Sato wants California to emulate Tucson, Arizona, which passed legislation requiring that all new construction built after June 1, 2010 be gray-water system-ready—the same way new houses in California are required to have the hookups installed for an electric vehicle charging station.

In July, Sato met with Assemblymember Richard Bloom (D-Santa Monica) about his idea.

“We’re interested in how we can expand the use of gray water,” said Sean MacNeil, Bloom’s spokesperson. “We don’t know what all the options are right now, but considering the drought, now seems like a good time.”

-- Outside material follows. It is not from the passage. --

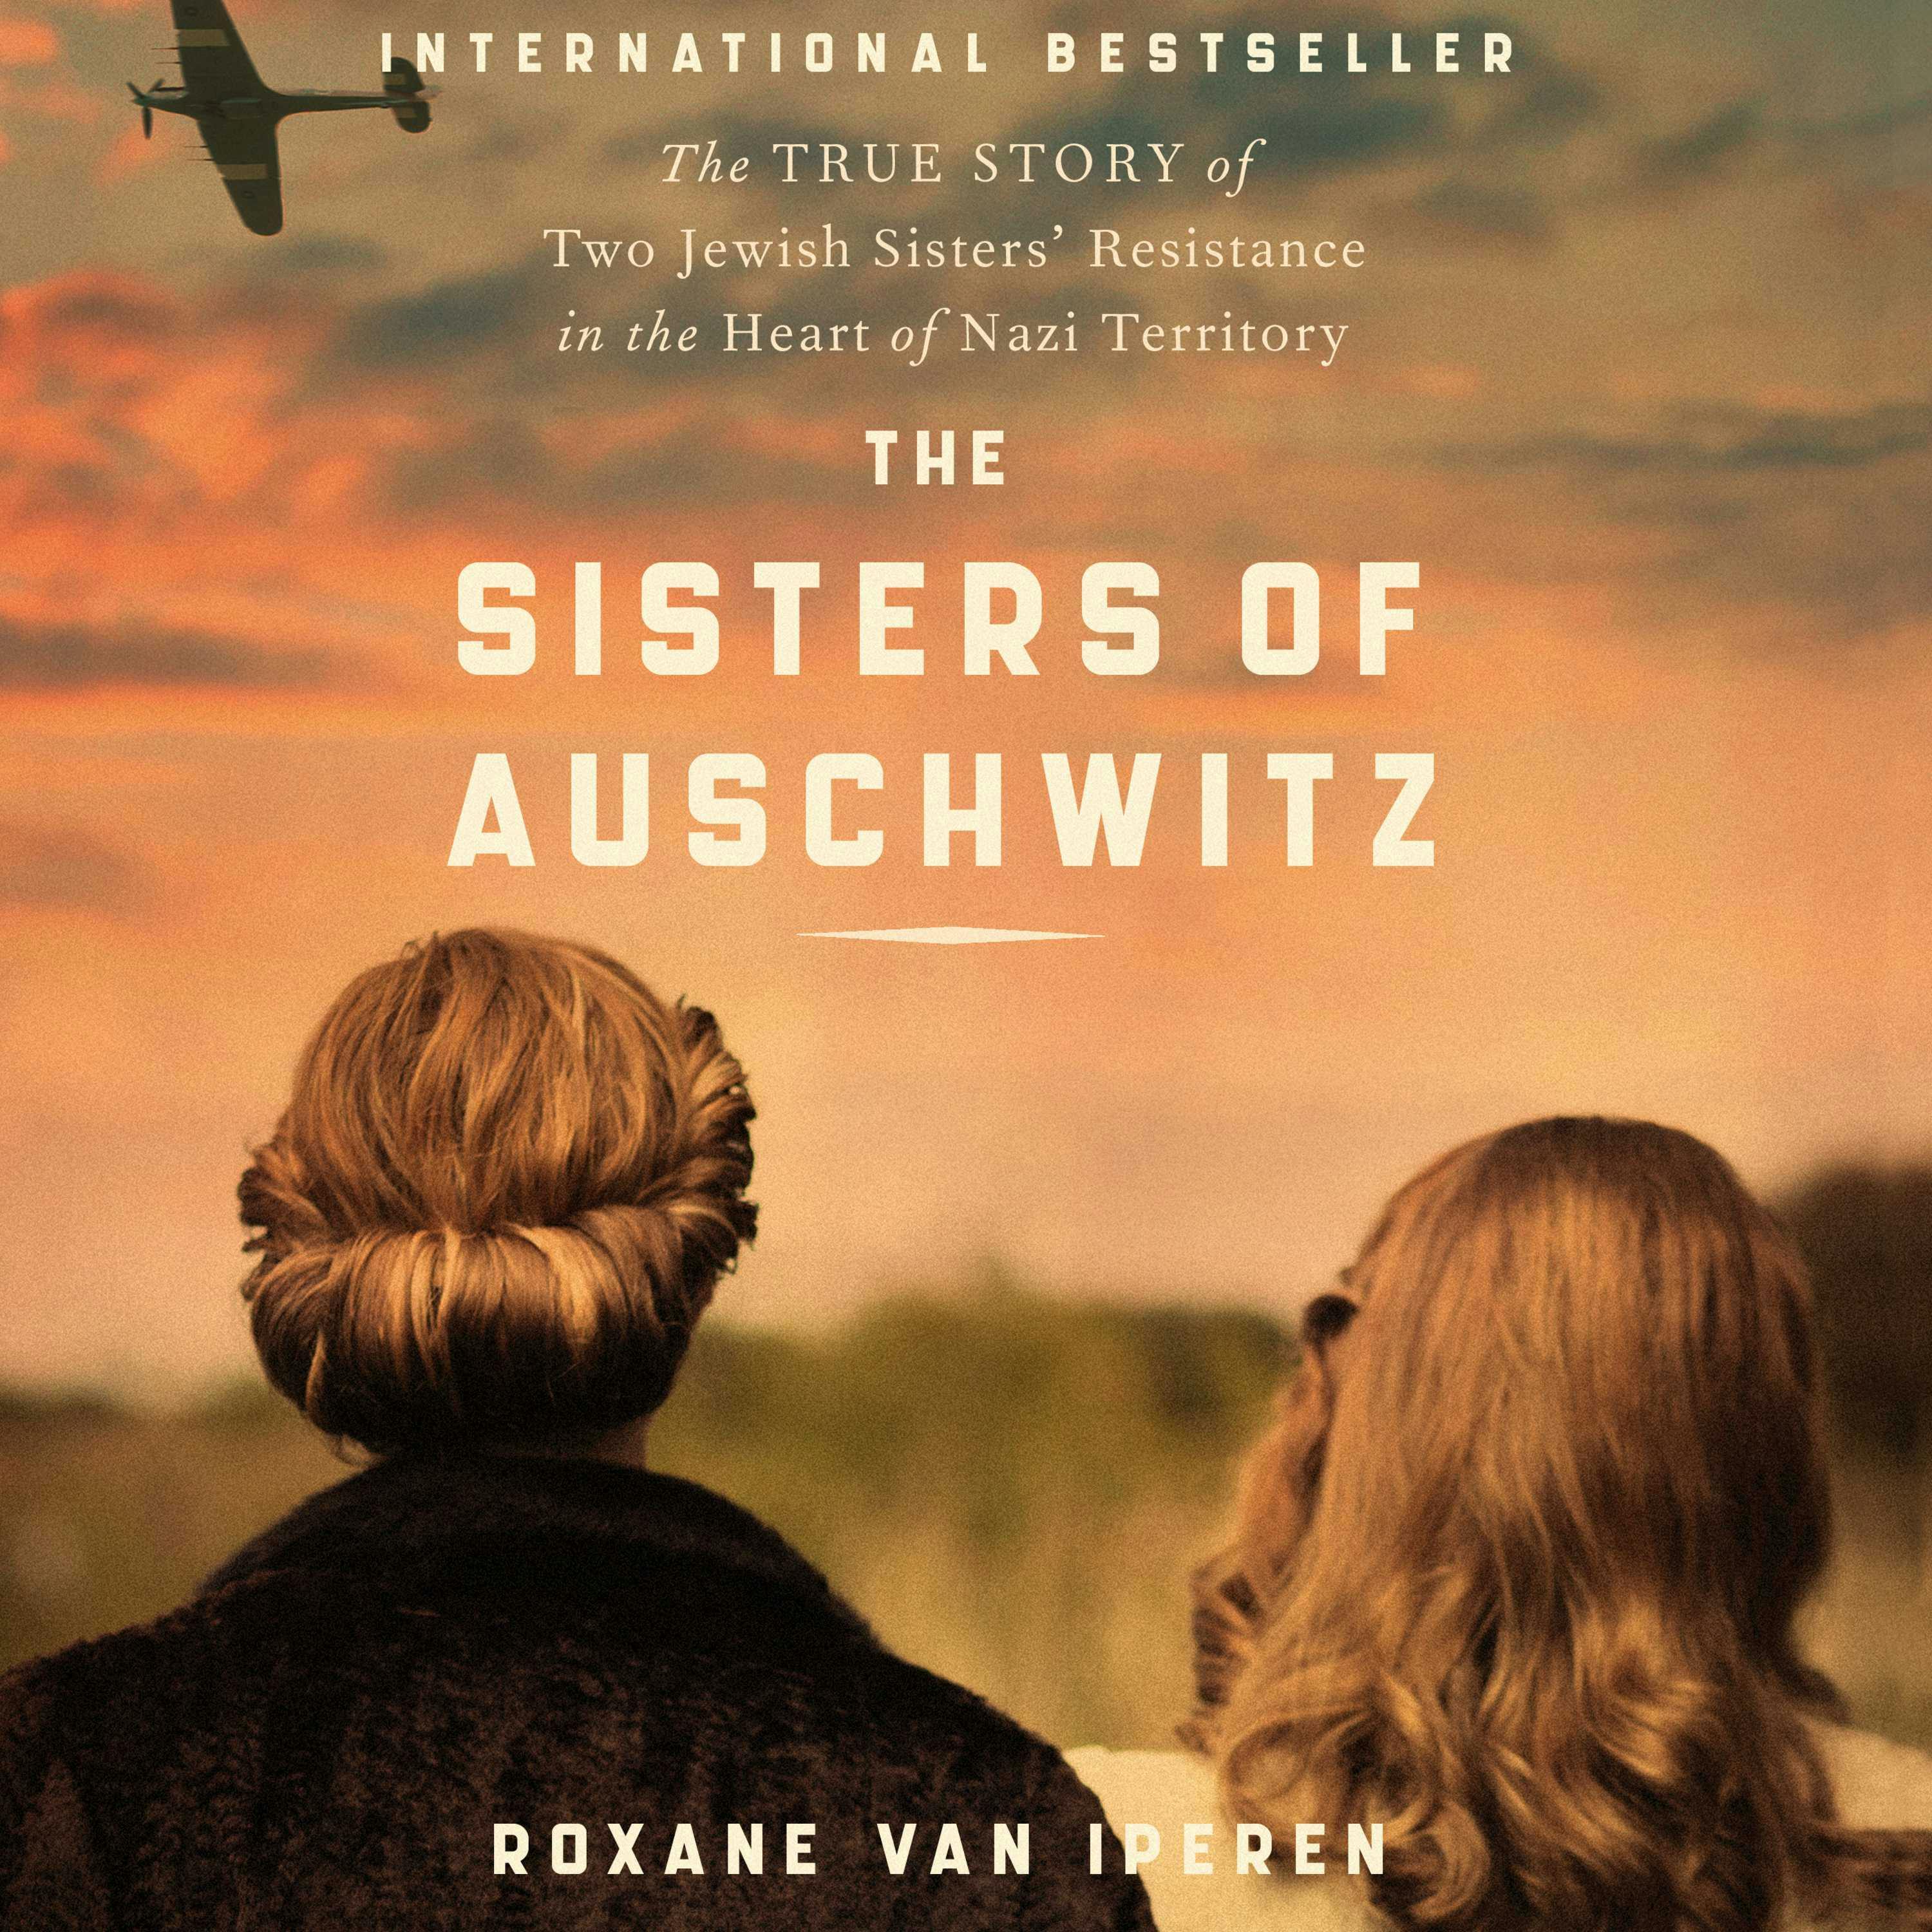 The Sisters of Auschwitz: The True Story of Two Jewish Sisters’ Resistance in the Heart of Nazi Territory - Roxane van Iperen

Though his product will be on the shelf in limited release at five Southern California–based Ferguson plumbing stores by early October, Sato is looking forward to late next month, when he’ll demonstrate the diverter for officials with the city of San Francisco.


----------



## Keystone (Oct 1, 2015)

Interesting product and UPC approved and carried by Ferguson. This man did his homework.


----------



## mtlogcabin (Oct 1, 2015)

Common practice in the 1950's in the south to run the graywater to the flower beds. Then the rules changed and it was not allowed. I guess somethings come full circle unless the this product violates some old rule somewhere.


----------



## Paul Sweet (Oct 2, 2015)

What happens if the sewer backs up when the valve is in the open to sewer position? It looks like raw sewage can flow up through the valve then down into the irrigation system.


----------



## FLSTF01 (Oct 6, 2015)

I like the simplicity of the design, in concept at least.  I also have concerns regarding cross-contamination.


----------



## mark handler (Oct 9, 2015)

NEXUS EWATER GREY WATER RECYCLING SOLUTION

http://www.turfmagazine.com/water-features/nexus-ewater-grey-water-recycling-solution/






Nexus eWater is introducing a system to recycle homes’ grey water so it can be reused on landscapes and in toilets, reducing homeowners’ potable water usage by more than 35 percent. The company’s home water recycling solutions are attracting the interest of California builders. Bob Hitchner, the company’s chief marketing officer, shares how the system works.

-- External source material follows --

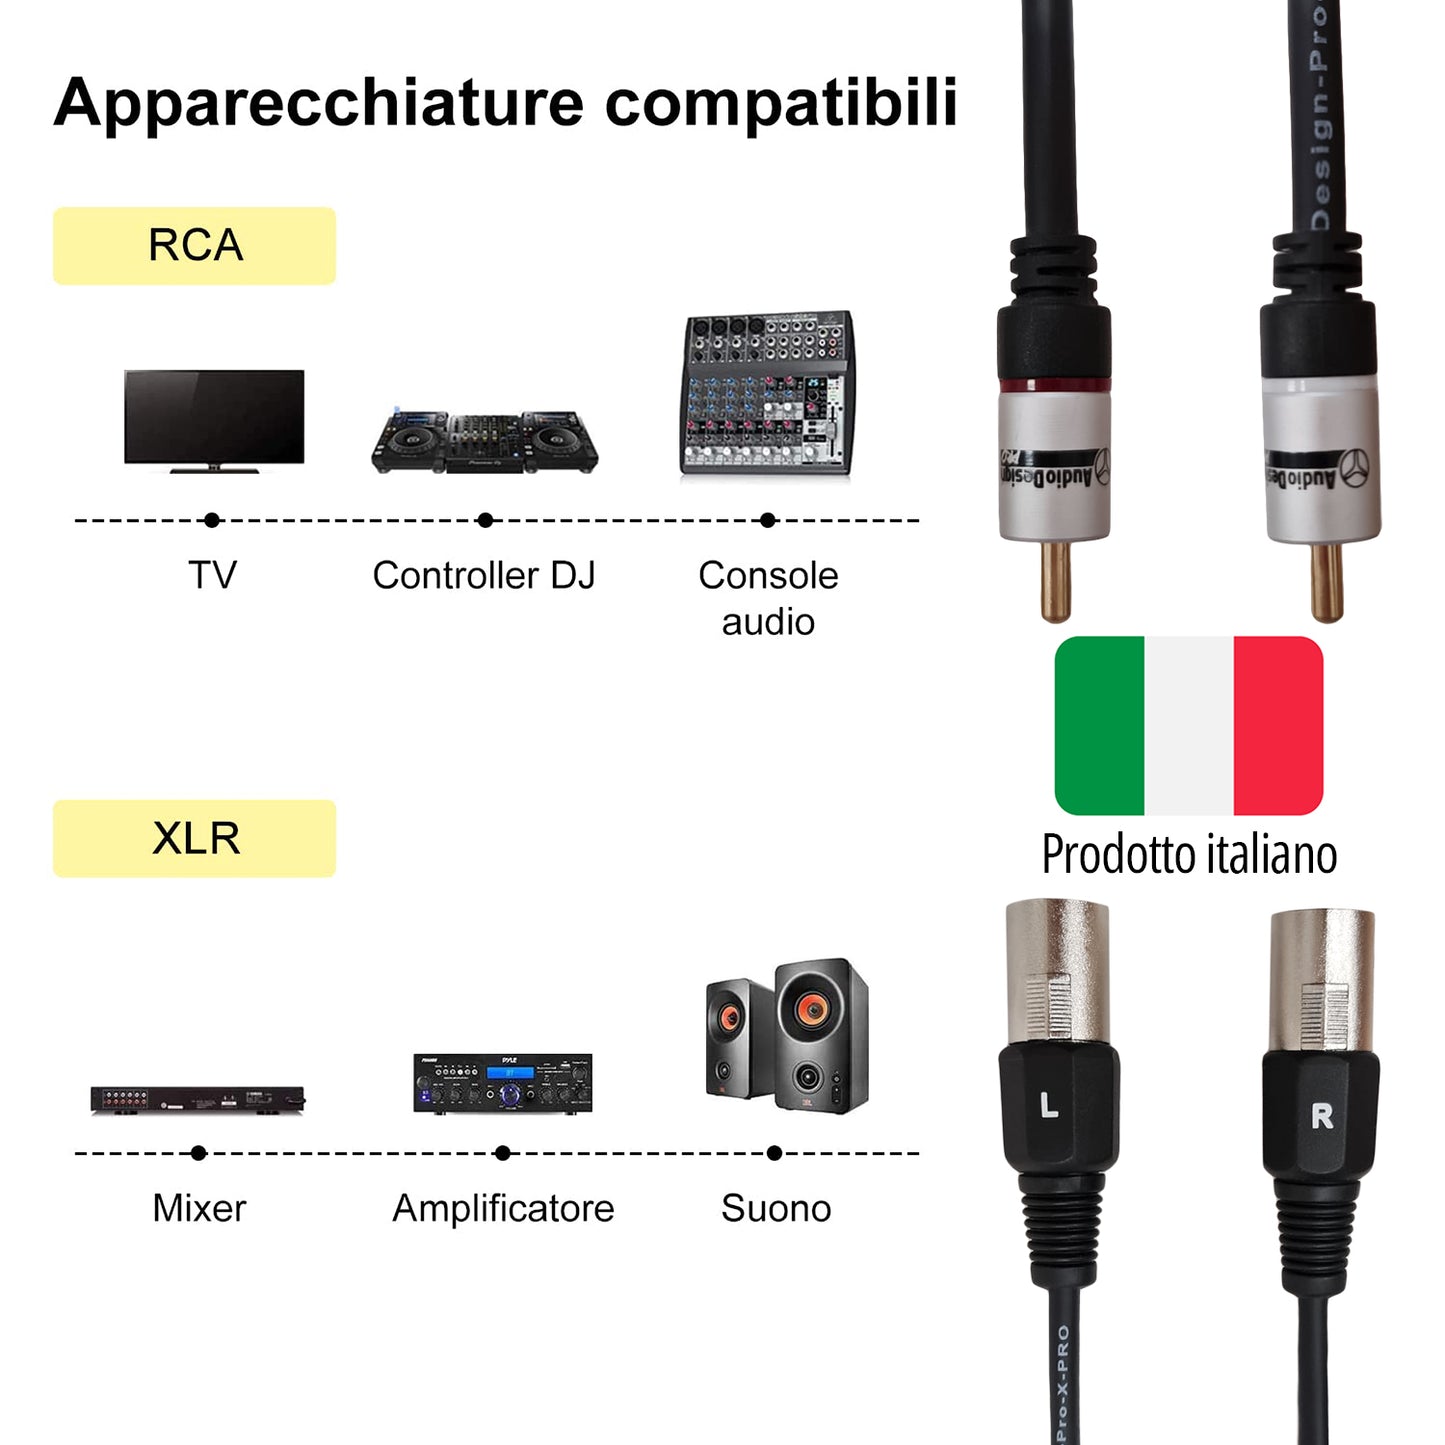 AudioDesign PRO X-Pro line VX211 Double adapter cable from RCA male to Jack 6.3 male, 1.5 meter interconnection cable, stereo audio connection

What is the history of the company and why is it now located in San Diego, California?

We started in the grey water business in Australia, which endured a decade-long drought into the early part of this century. Australia was forced to innovate earlier than the U.S. in using and reusing water in safe and effective ways.

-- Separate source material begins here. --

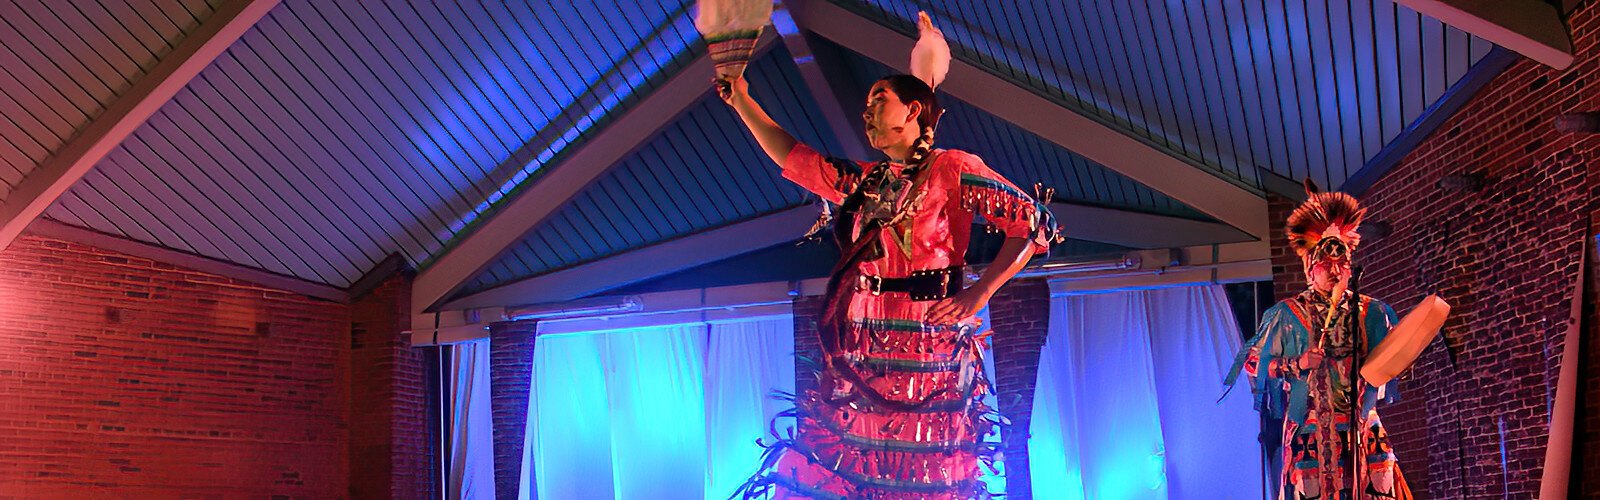 CreeAtive Native American performers Dakota Shaw and Otter Oliver of the Cree and Dakota nations, perform the “Jingle Dress Dance” on stage at the Tampa City Ballet's first Dance Now festival.

Through this experience, we learned how important it is to develop solutions that will work automatically in the background without active homeowner engagement.

When we set up a new company to explore new product innovations, we immediately decided to set our sights on the U.S. market. The U.S. market is larger and has not yet really addressed the deeper questions of how to reorganize its infrastructure and even its lifestyles to use water more effectively.

When we knew that we would be the first company to certify an onsite solution to the NSF-350 standard for grey water, which is required in the California Plumbing Code, we knew we needed to move the core of our operations to California.

What exactly is NSF-350?

The NSF-350 standard is the gold standard for certifying equipment for on-site grey water treatment. This certification ensures the equipment is designed to consistently treat grey water to a high level of quality that is safe to use in non-potable applications.

What interest has Nexus received from homebuilders in offering your technology in new homes?

Homebuilders have three good reasons to incorporate our solution in their homes:

To prepare for a possible future when water for landscapes is restricted even more than today.

To build their brand and learn how to build homes that are livable even in extreme or long-term drought.

To address homebuyer concerns about preserving home resale values during more extreme drought.

What do you see as the role of Nexus in conserving water, particularly on landscapes?

California water policy is changing very quickly right now. Our solution is merely one tool for translating good policy into everyday practice.

In several years, I hope every new home in California will be dual-plumbed so it can easily upgrade to onsite water recycling at any point in its lifetime.

How much does a typical installation cost, and what do you estimate the ROI to be?

Each installation can be quite different. Some homebuyers, especially in the high-end custom home segment, also want expansive service to come as part of what they buy. So costs range from $10,000 to $15,000, including all labor.

Since buyers today want to protect their landscape investments, payback is virtually immediate.


----------